> What the task requires
Repeat the data verbatim, images excluded.

> Collected material

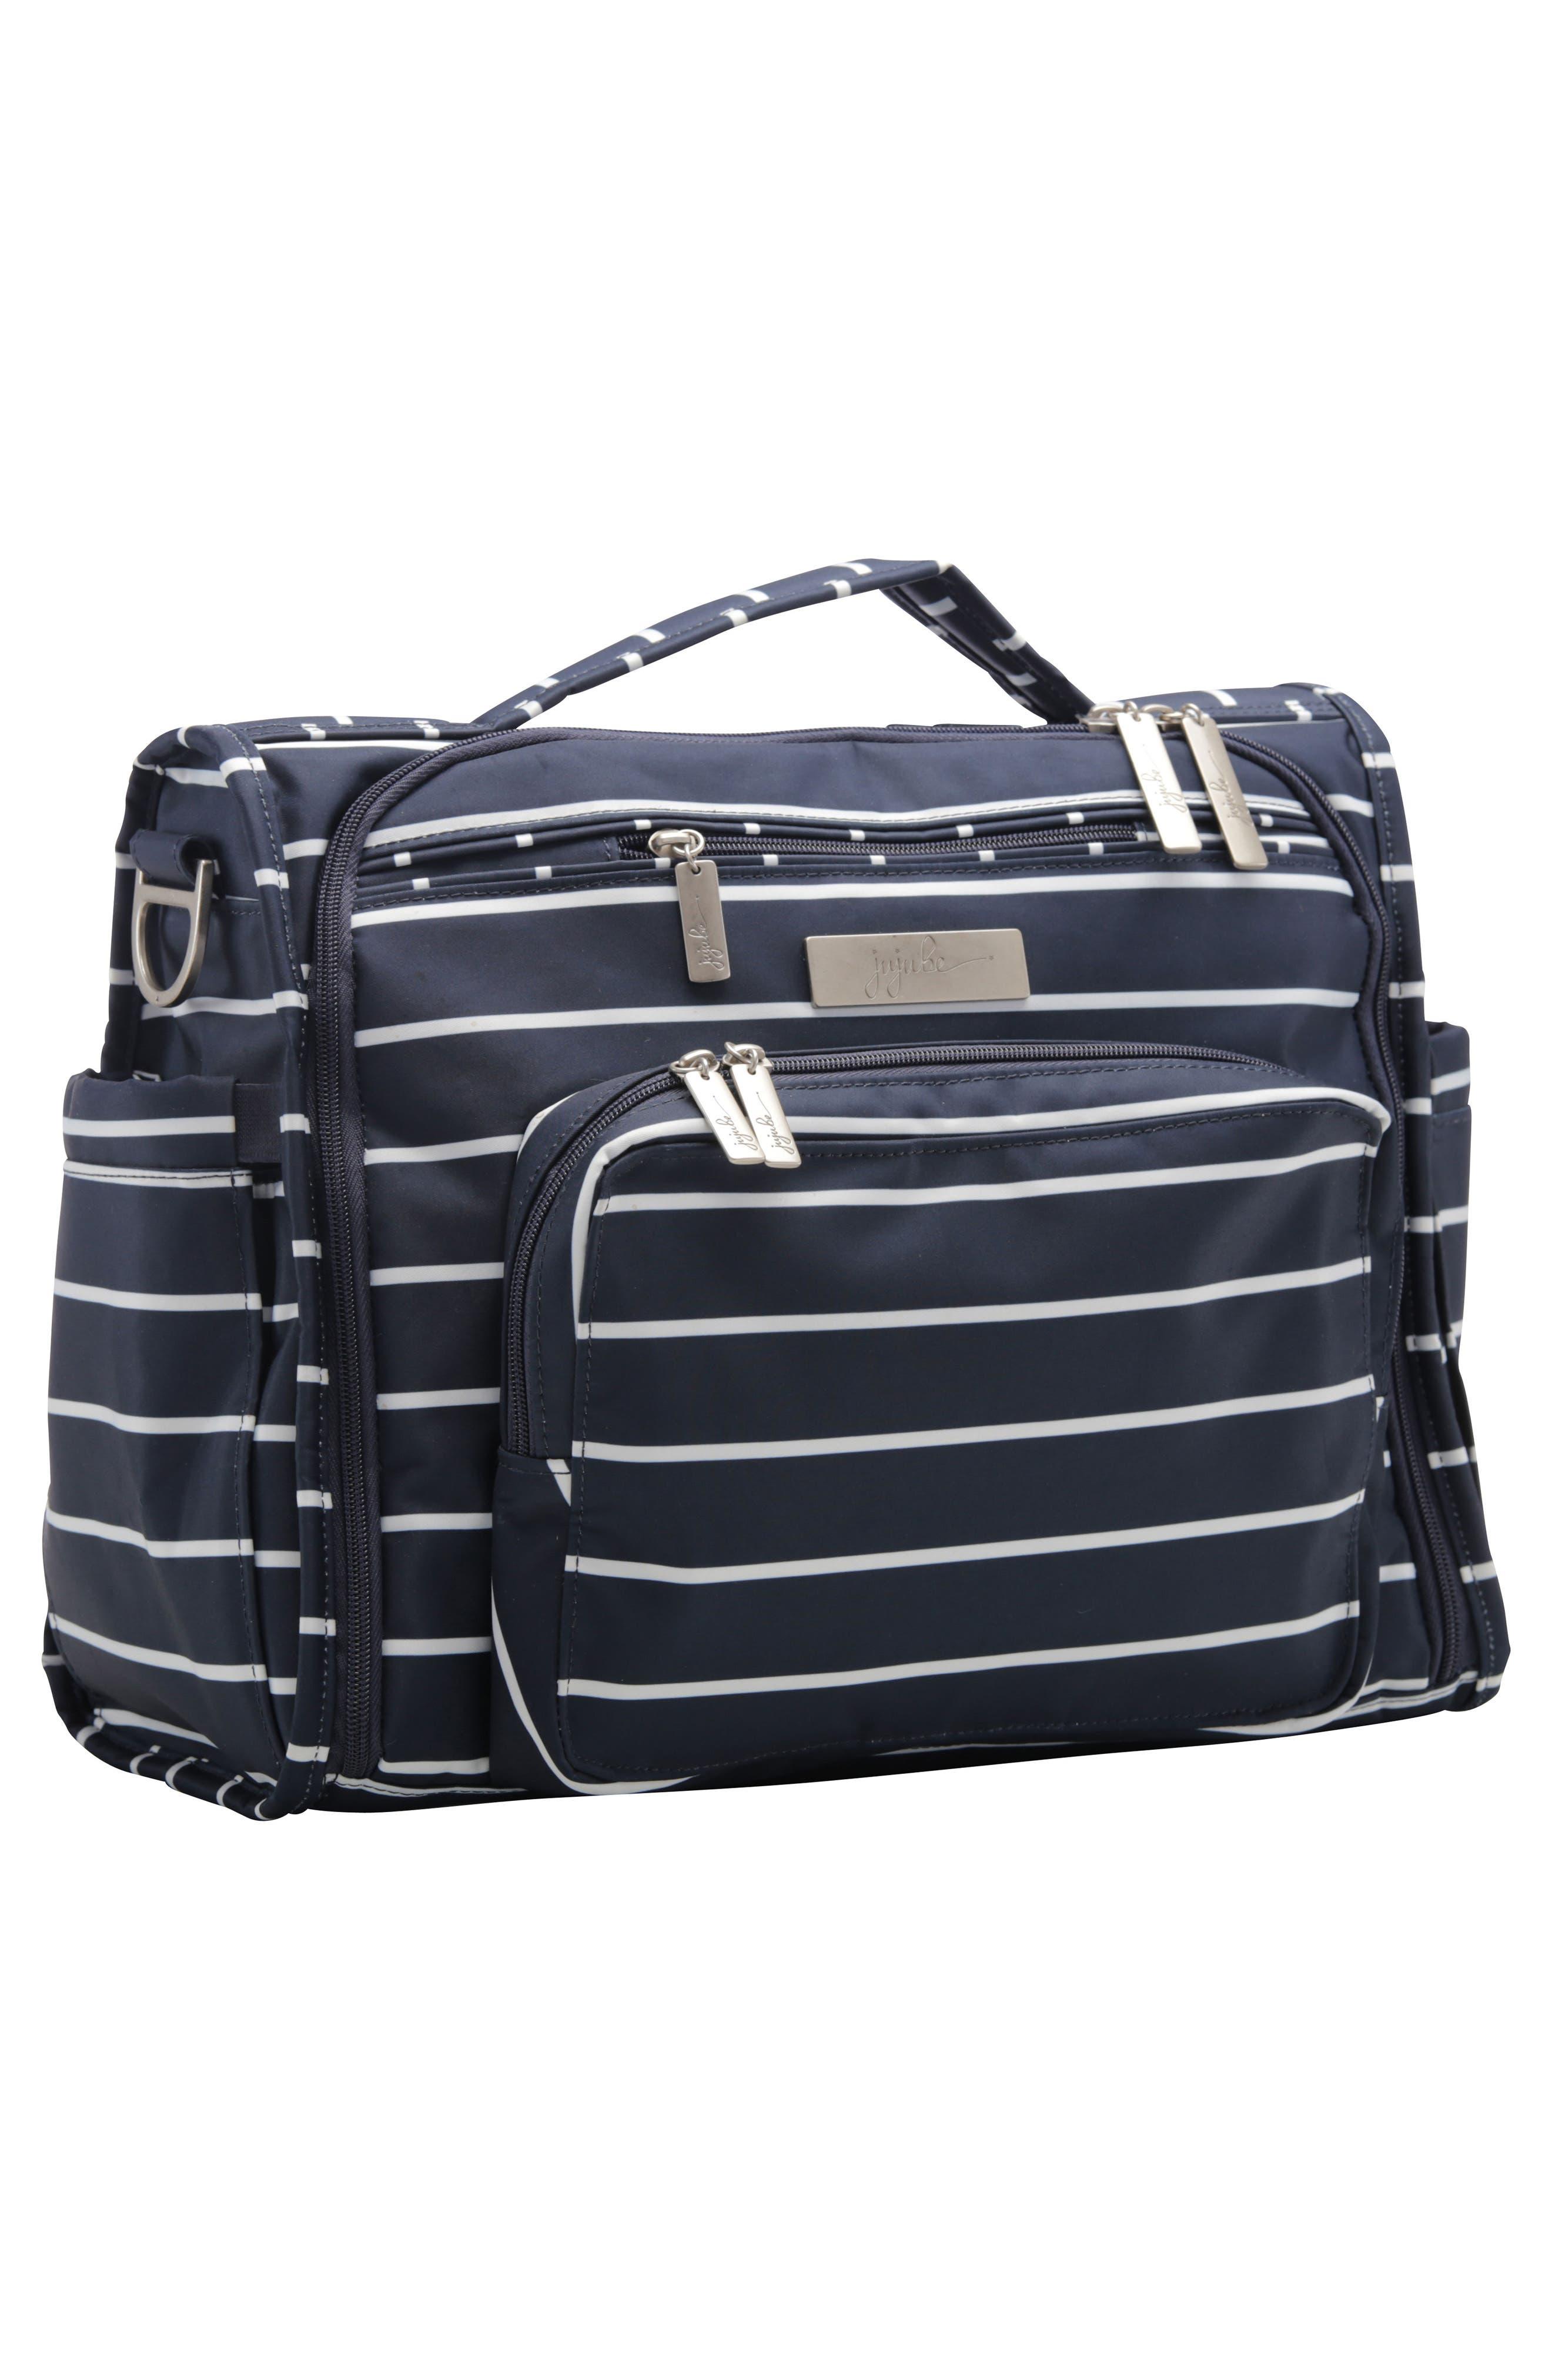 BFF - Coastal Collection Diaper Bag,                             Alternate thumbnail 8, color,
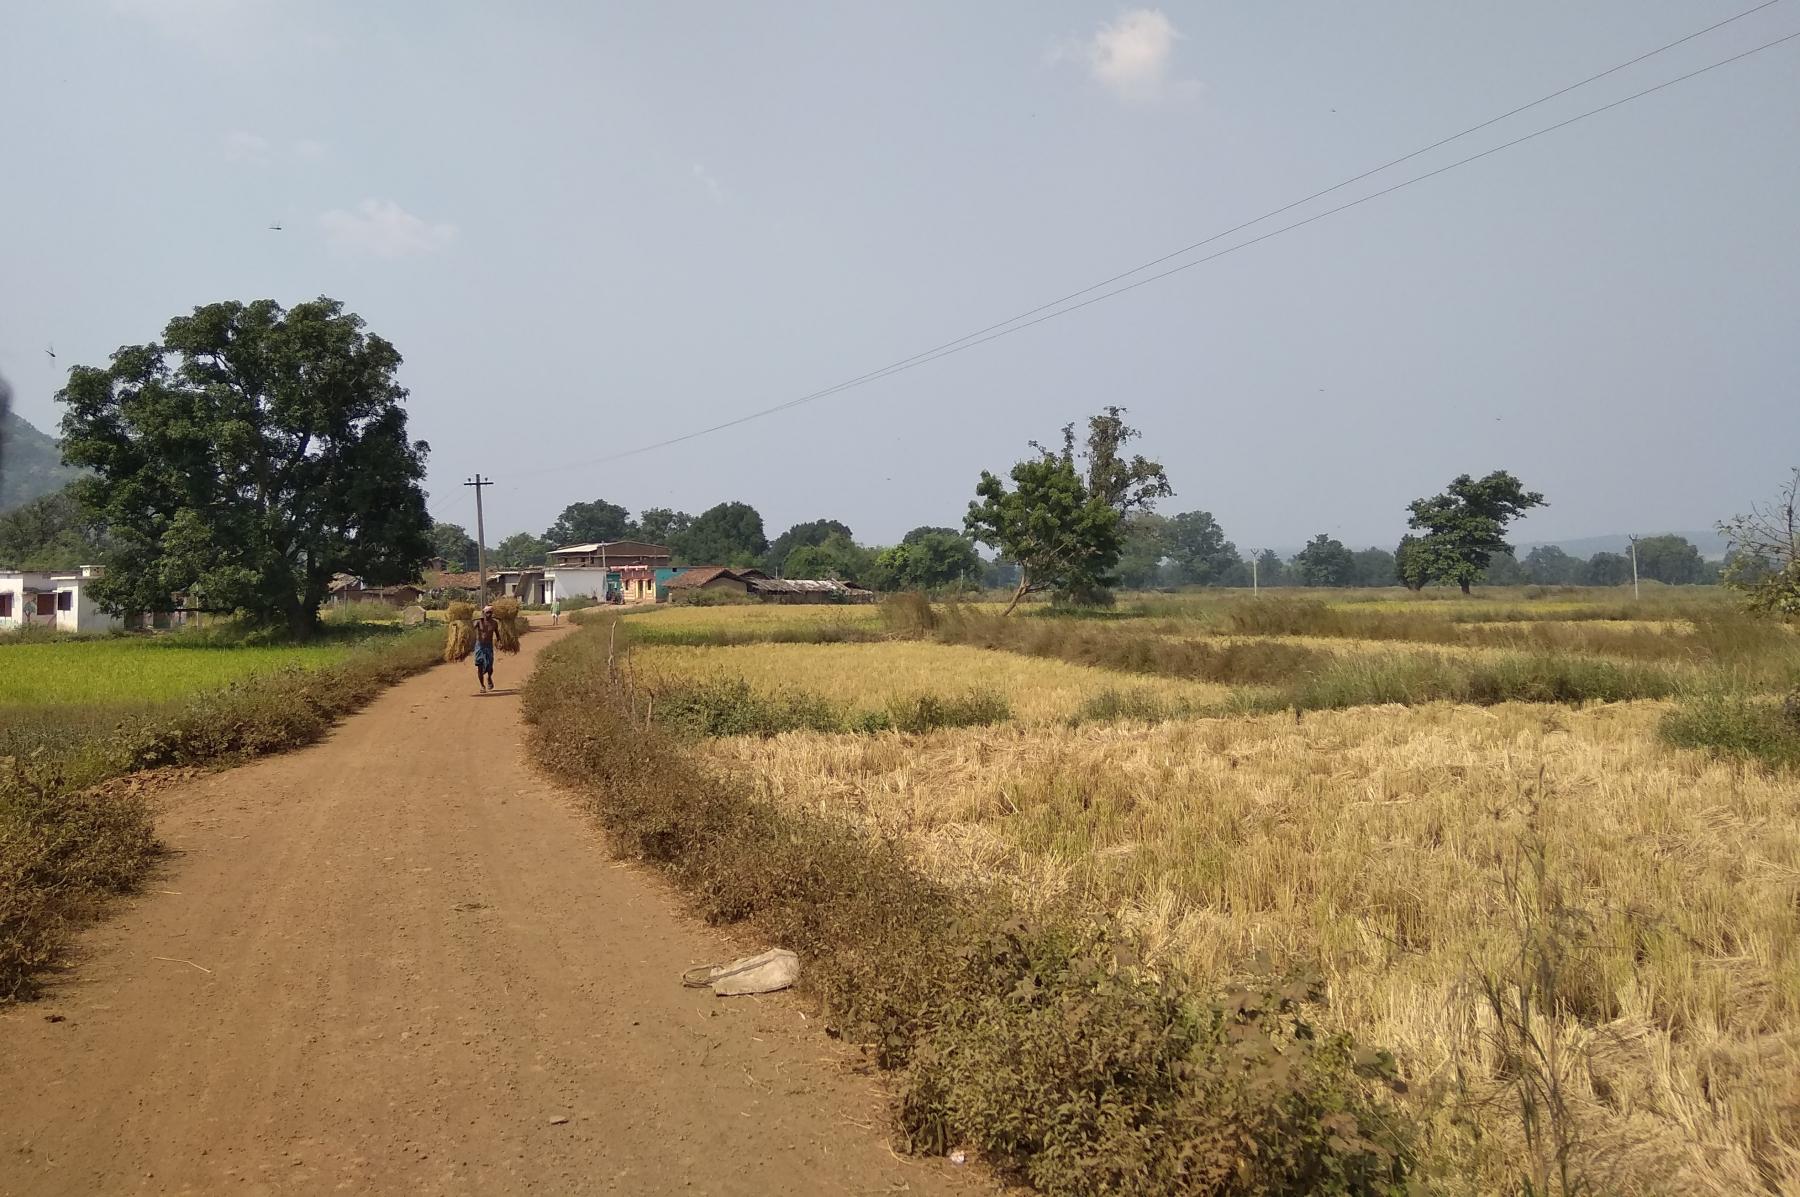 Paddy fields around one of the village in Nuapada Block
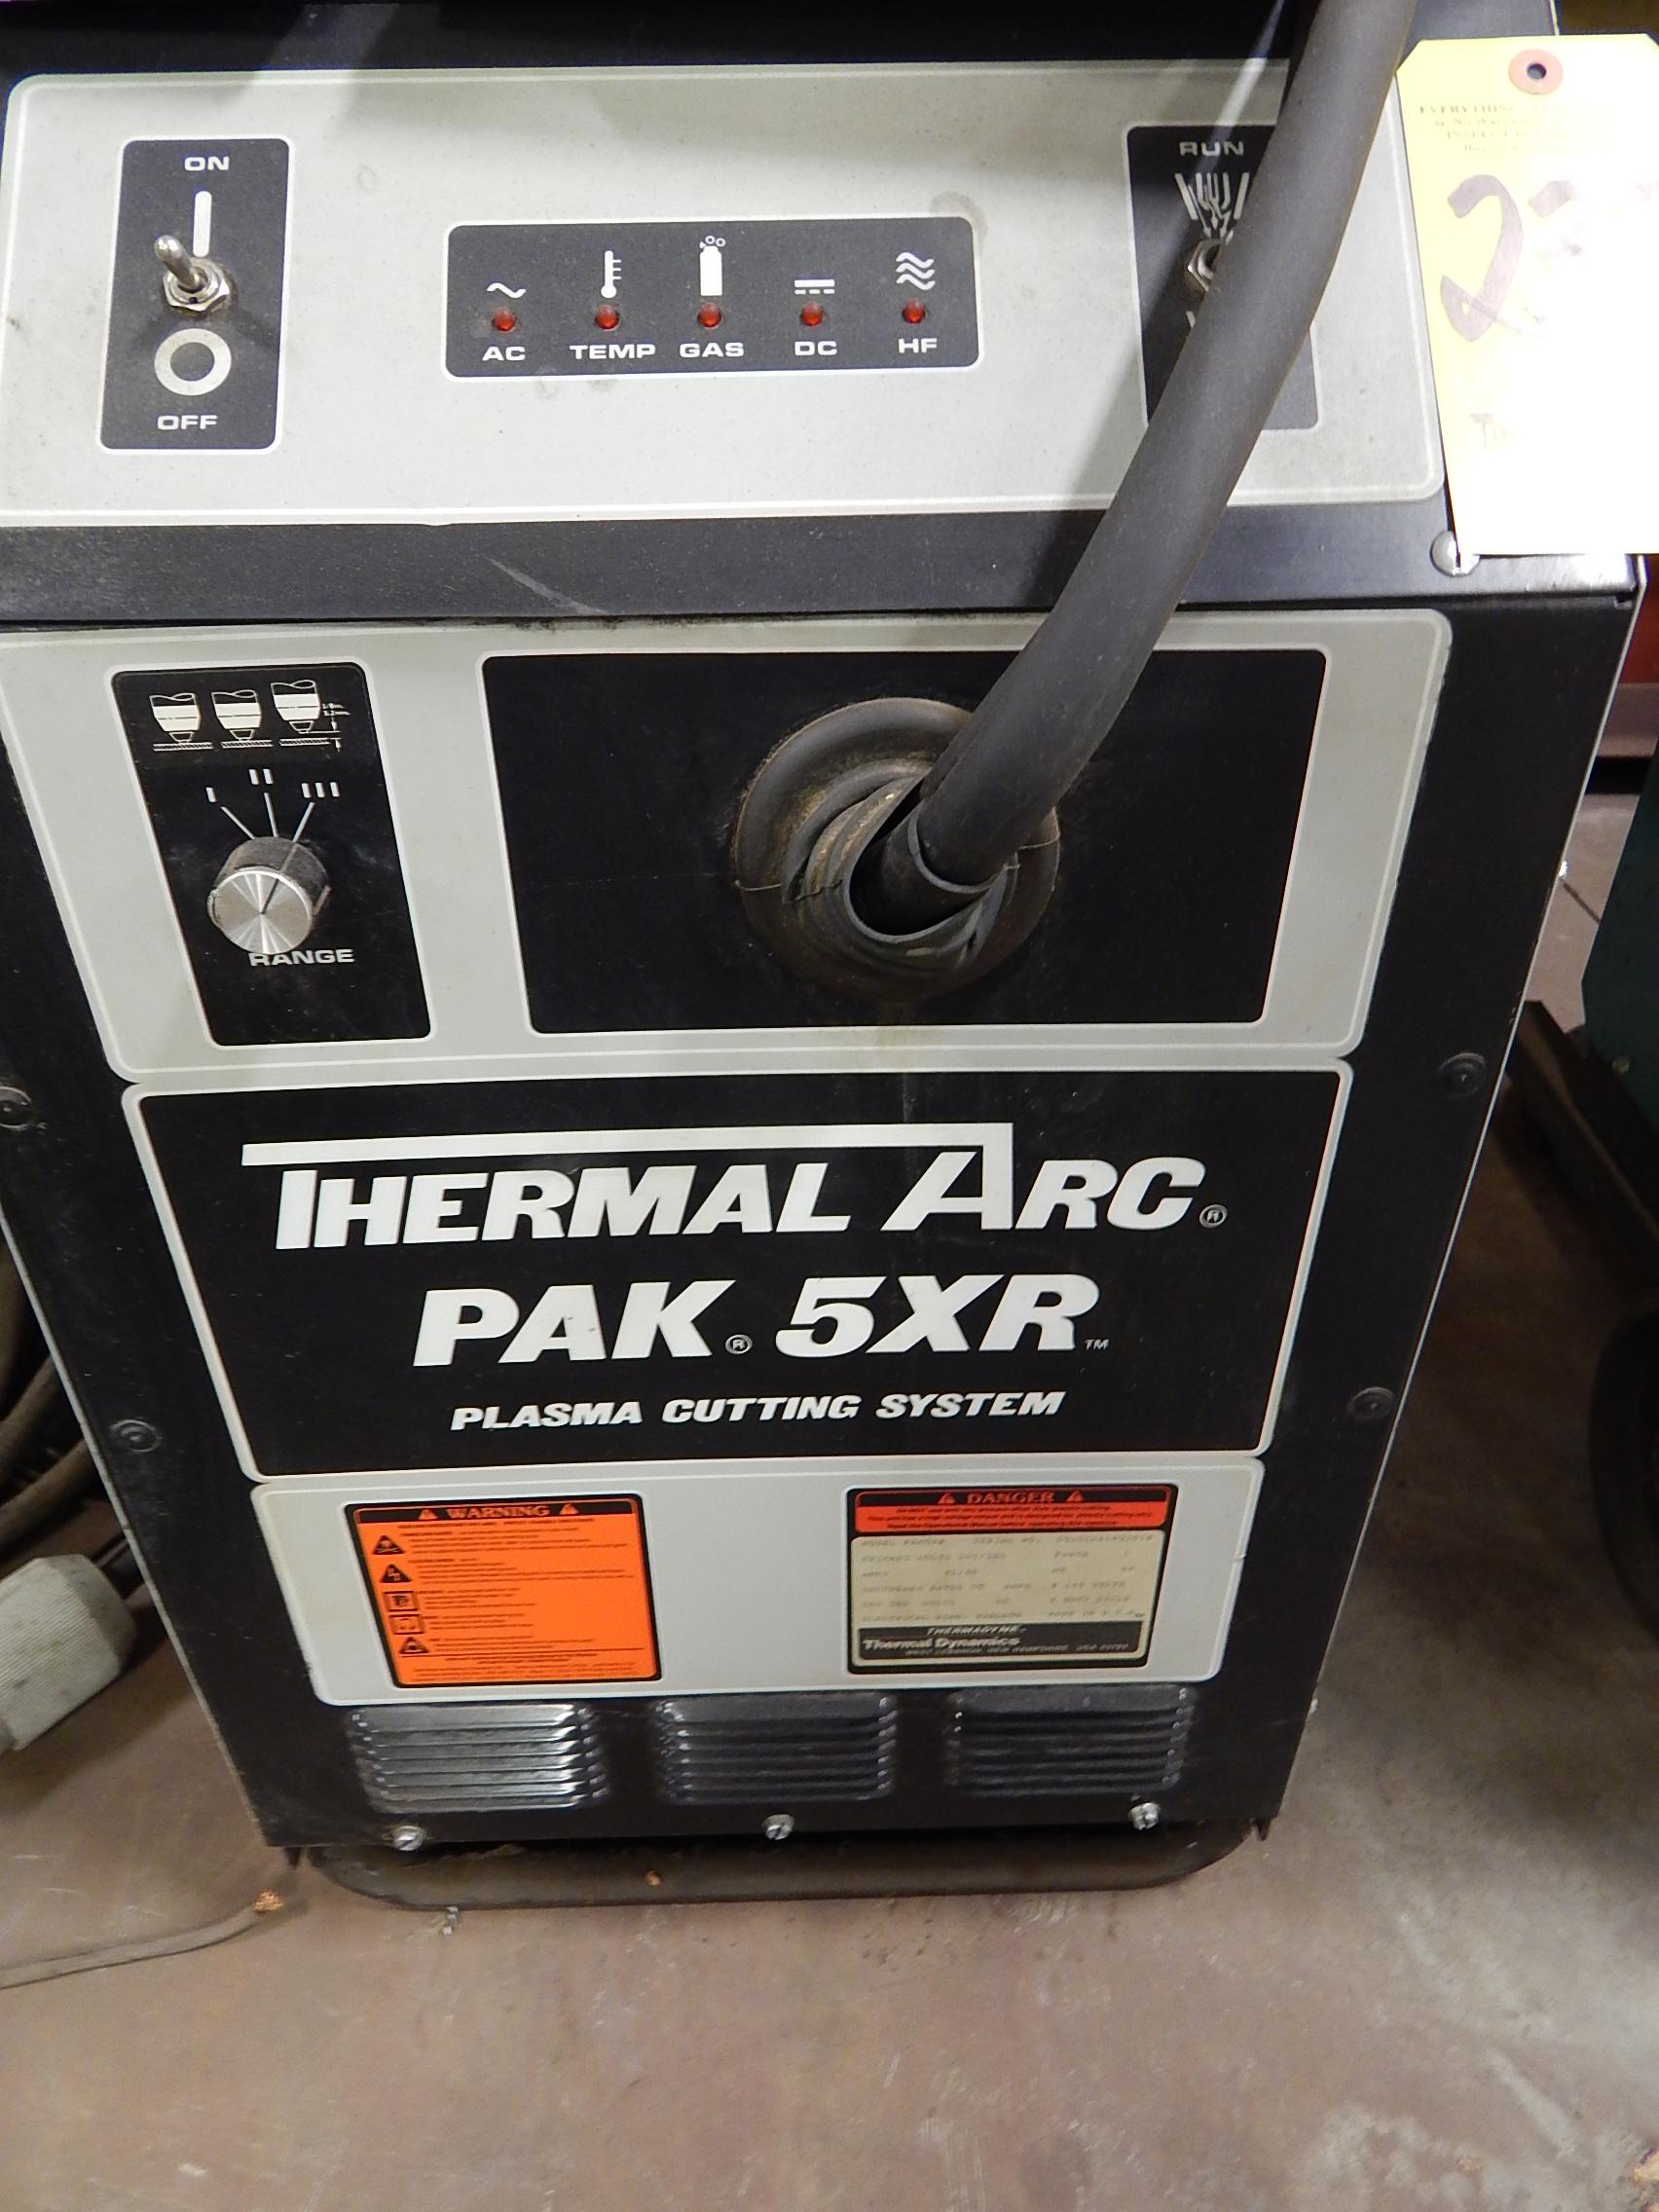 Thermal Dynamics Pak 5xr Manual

> Reply
 BFF - Coastal Collection Diaper Bag,                             Alternate thumbnail 8, color,
 Paddy fields around one of the village in Nuapada Block
 Thermal Dynamics Pak 5xr Manual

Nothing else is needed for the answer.